The problem has not arisen in Canada, but has elsewhere. Advocates of nuclear, including many Canadian power utilities, make the obvious argument in finding a solution: Nuclear power emits no GHGs and is accessible, whether or not the sun is shining and/or the wind is blowing.
In particular, the small modular reactor is typically one-fifth the size of traditional ones. While there is yet only one working prototype in the world, such reactors have the potential to be far cheaper than conventional ones and can be more flexibly deployed. SMRs located near their customers eliminate the need for long-distance transmission lines. Both SMRs and new-generation conventional reactors are safer than legacy reactors; they require no human intervention in case of a meltdown.
The International Energy Agency estimates that the cost of generating a megawatt of electricity from new nuclear capacity is lower than the generation-plus-storage cost of wind/solar technologies. Faced with the urgent need to de-fossilize power systems, many countries (e.g., China, Russia, France) are now investing heavily in small nuclear reactors (SMRs).
Yet for some reason Canada largely does not see nuclear as a solution. The Canada Energy Register (CER), a little-known federal agency, has projected how Canada can meet “net zero” GHG emissions by 2050. The projection assumes that over half of the increased power that is needed will come from wind or solar, some from new hydro, some from natural gas combined with carbon capture and storage – but none from nuclear, other than refurbishing some legacy reactors.
That is absurd. If Canada primarily relies on wind and solar, we are gambling that future technology in batteries, for example, will enable utilities to “store” electricity at a reasonable cost. And that is far from a certainty.

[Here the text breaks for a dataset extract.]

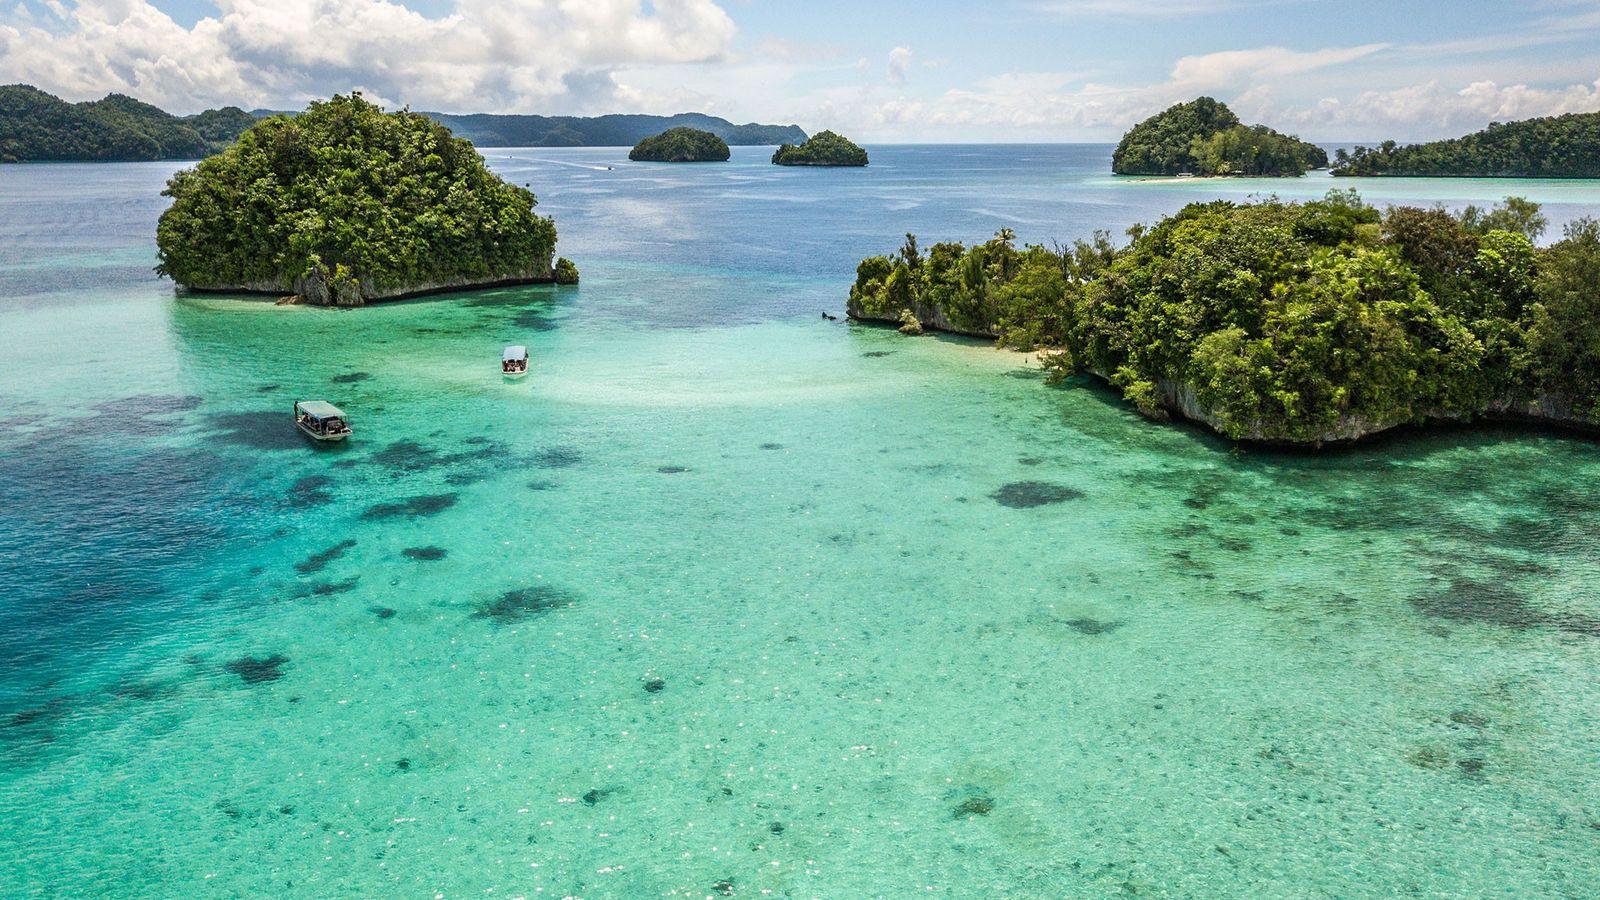 Besucher fahren mit Booten um die Rock Islands, einem UNESCO-Welterbe.

While in some cases, utility companies with hydro capacity can operate turbines at below-optimum levels during the day and increase flow through turbines at peak evening hours, this form of quasi-storage is not free. The utility must invest in sufficient hydro capacity. The same goes for chemical transformation (e.g., from electricity to hydrogen). It is costly, and there is little evidence that companies are meaningfully investing in it.
In the context of climate change, countries are making large energy investments amid great uncertainty. In 2050, it will perhaps be proven correct to have prioritized wind and solar, perhaps not. In 2050, SMRs may be the obvious “dispatchable” power source to displace fossil fuels, perhaps not. We need to hedge our bets.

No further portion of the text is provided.